Wasn’t the whole point of streaming to get away from all the TV bullshit? To provide the discerning viewer with a bespoke experience? Hope you enjoyed that while it lasted, because now you still pay while suffering regular interruptions and your only option is to mute and sneer. Don’t worry, the original series you’re getting into will be cancelled anyway.

Withdrawing money from cash machines

£1.75 to take out a tenner? That can get to f**k. In this economy everyone’s struggling enough without a fee added for using a stand-alone cashpoint in a dirty corner of a non-chain off licence. The only people turning a blind eye to this extortion are rich pricks buying cocaine and you after a night out when the takeaway doesn’t accept cards.

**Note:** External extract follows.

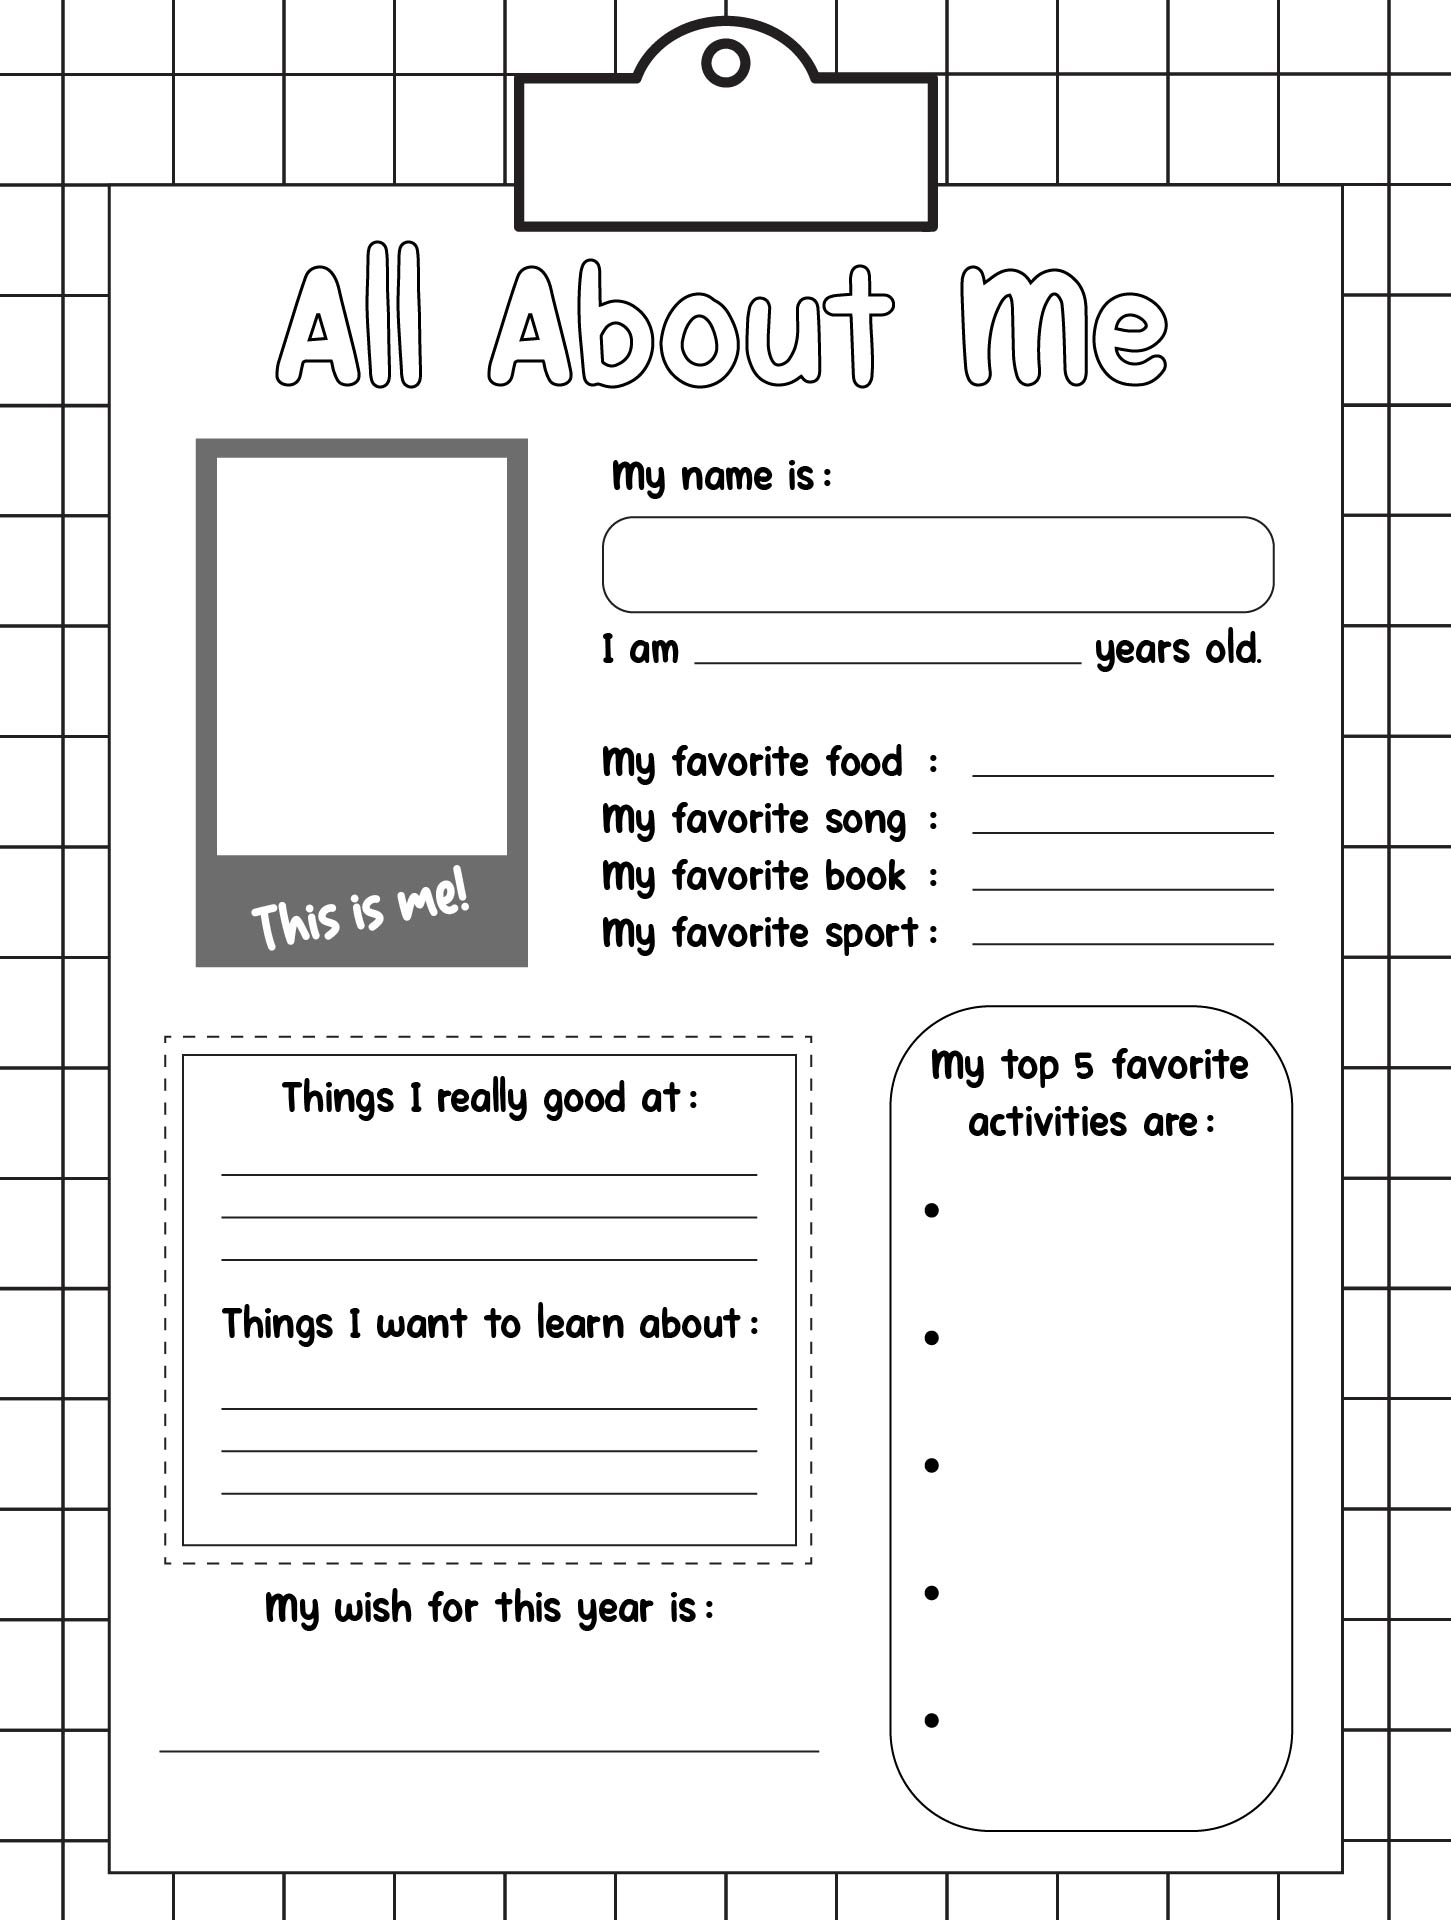 Printable Fill-in-the-Blank Template All About Me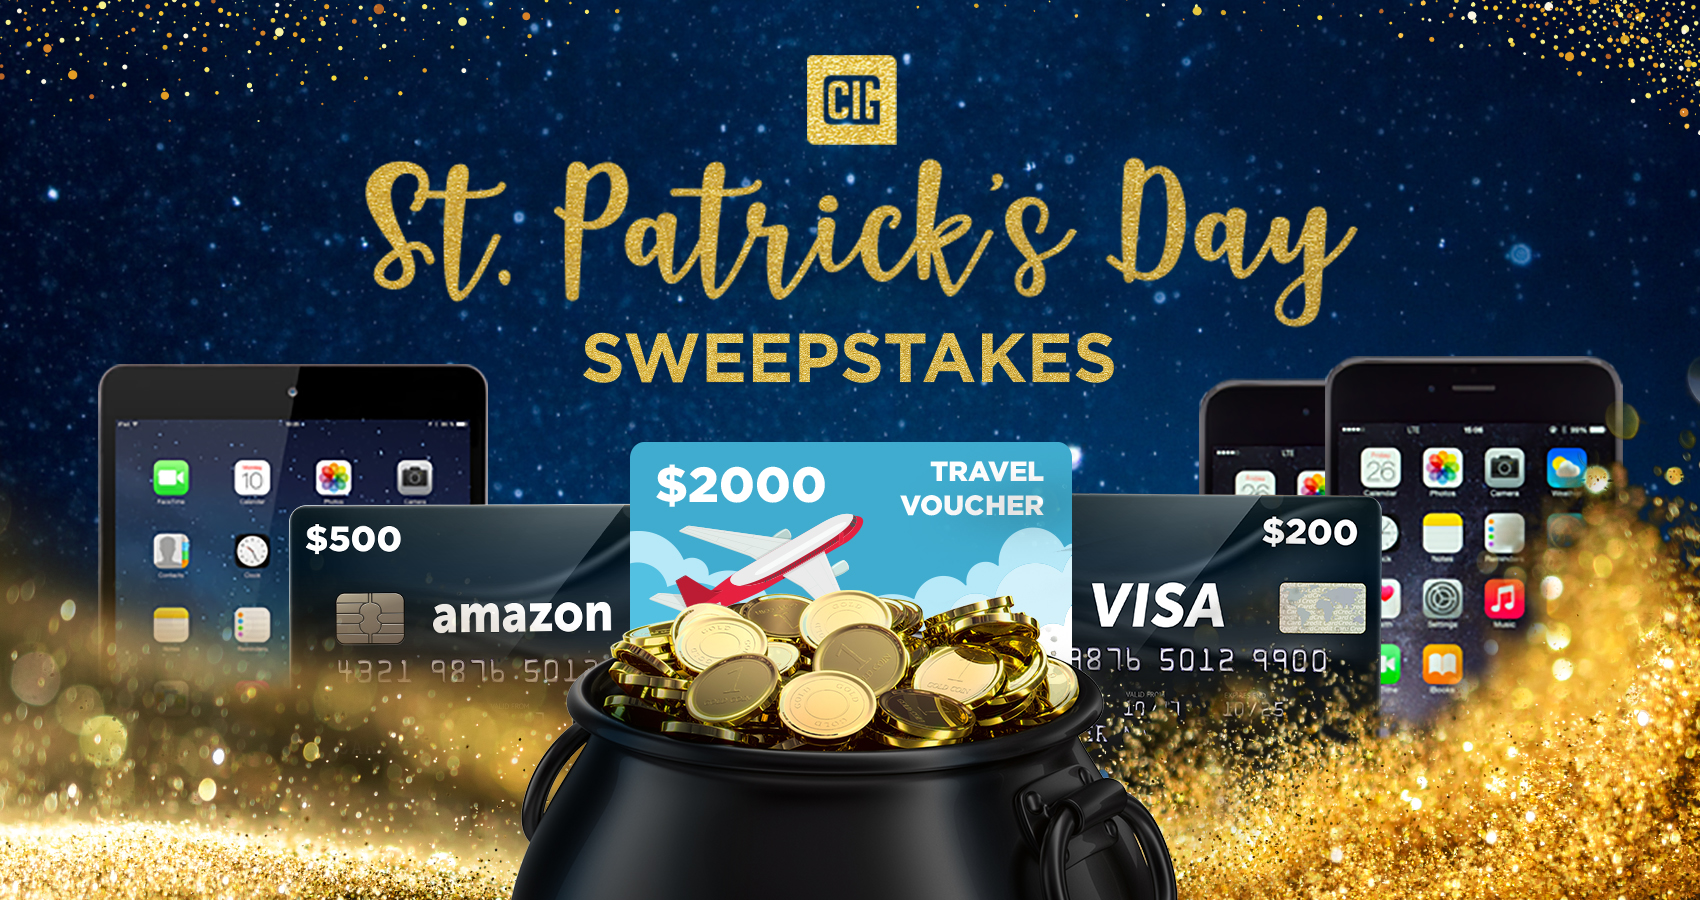 Clover Launches St. Patrick’s Day Sweepstakes

Britain wasn’t always charged for the privilege of being bollocked for not flossing. It’s an oral ordeal bought and paid for by National Insurance, which Jeremy Hunt cut with such a flourish last autumn, which still eats into your pay and which no longer includes dentistry because rather than bother going on strike they all went private.

Non-uniform day

Whether at a school or in an office, you’re paying for the privilege of not wearing the clothes you’re usually ordered to wear. You have to pay a fee simply to wear clothing that you’re comfortable in and looks good. They say the fee goes to charity. That makes charities profiteers of human misery.

E-ticket delivery

A physical ticket must be physically delivered. The charge was still a rip-off, but it was for something. A ticket sent to your phone costs nothing, but also apparently costs £2.75? For the painstaking hand-manufacture of a QR code? Even worse when it’s to print your ticket at home, which as provider of both labour and tech you should be charging them.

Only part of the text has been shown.